FDA Rejects AstraZeneca’s Ultomiris Label Expansion in NMOSD
Pictured: AstraZeneca's production plant in Sweden/iStock, Roland Magnusson
The FDA has denied AstraZeneca’s supplemental application for its C5 complement inhibitor Ultomiris (ravulizumab-cwvz), seeking approval for the treatment of adults with neuromyelitis optica spectrum disorder, the company announced Wednesday.
In its complete response letter, the regulator asked AstraZeneca to improve Ultomiris’ Risk Evaluation and Mitigation Strategy (REMS) and include a background check for patients’ meningococcal vaccination status or require prophylactic antibiotic use before treatment.

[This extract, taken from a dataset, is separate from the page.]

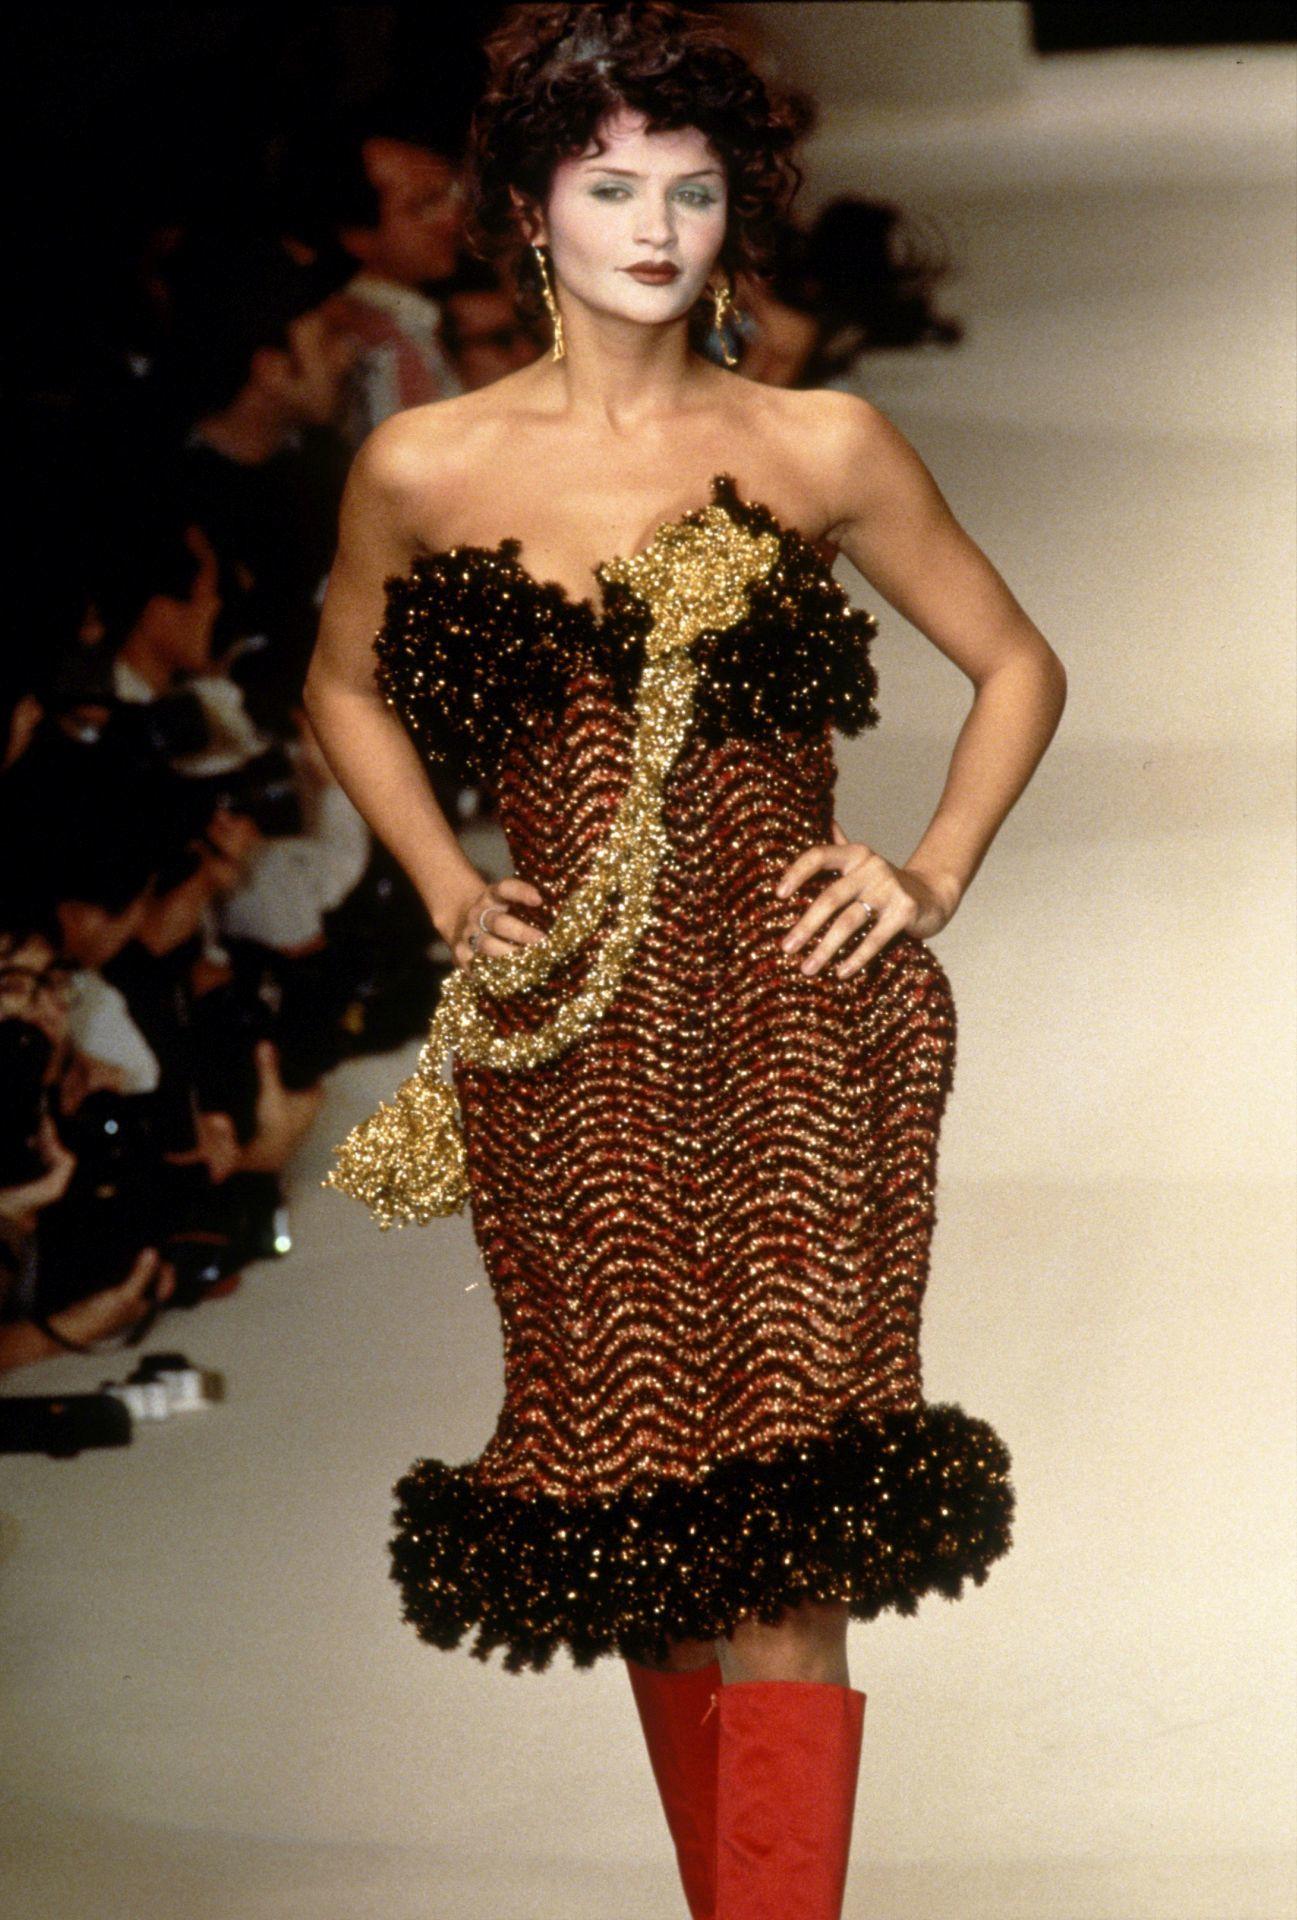 Helena Christensen Vivienne Westwood 1995-ös őszi divatbemutatóján

There were no issues with AstraZeneca’s efficacy and safety data for Ultomiris, and the FDA did not request additional analyses of its Phase III findings.
AstraZeneca, through its rare disease unit Alexion, will work closely with the FDA to determine how to best adjust the REMS program, according to Wednesday’s announcement by the company.
Ultomiris is a long-acting monoclonal antibody that works by inhibiting the C5 complement protein, which in turn leads to the sustained and complete suppression of the complement cascade. When left unchecked, the hyperactivation of the complement pathway results in an uncontrollable immune response that also ends up attacking healthy cells.
The mechanism of action won Ultomiris its first FDA approval in December 2018 for paroxysmal nocturnal hemoglobinuria. The intravenous treatment has since picked up several other approvals, including atypical hemolytic uremic syndrome in October 2019 and generalized myasthenia gravis in April 2022.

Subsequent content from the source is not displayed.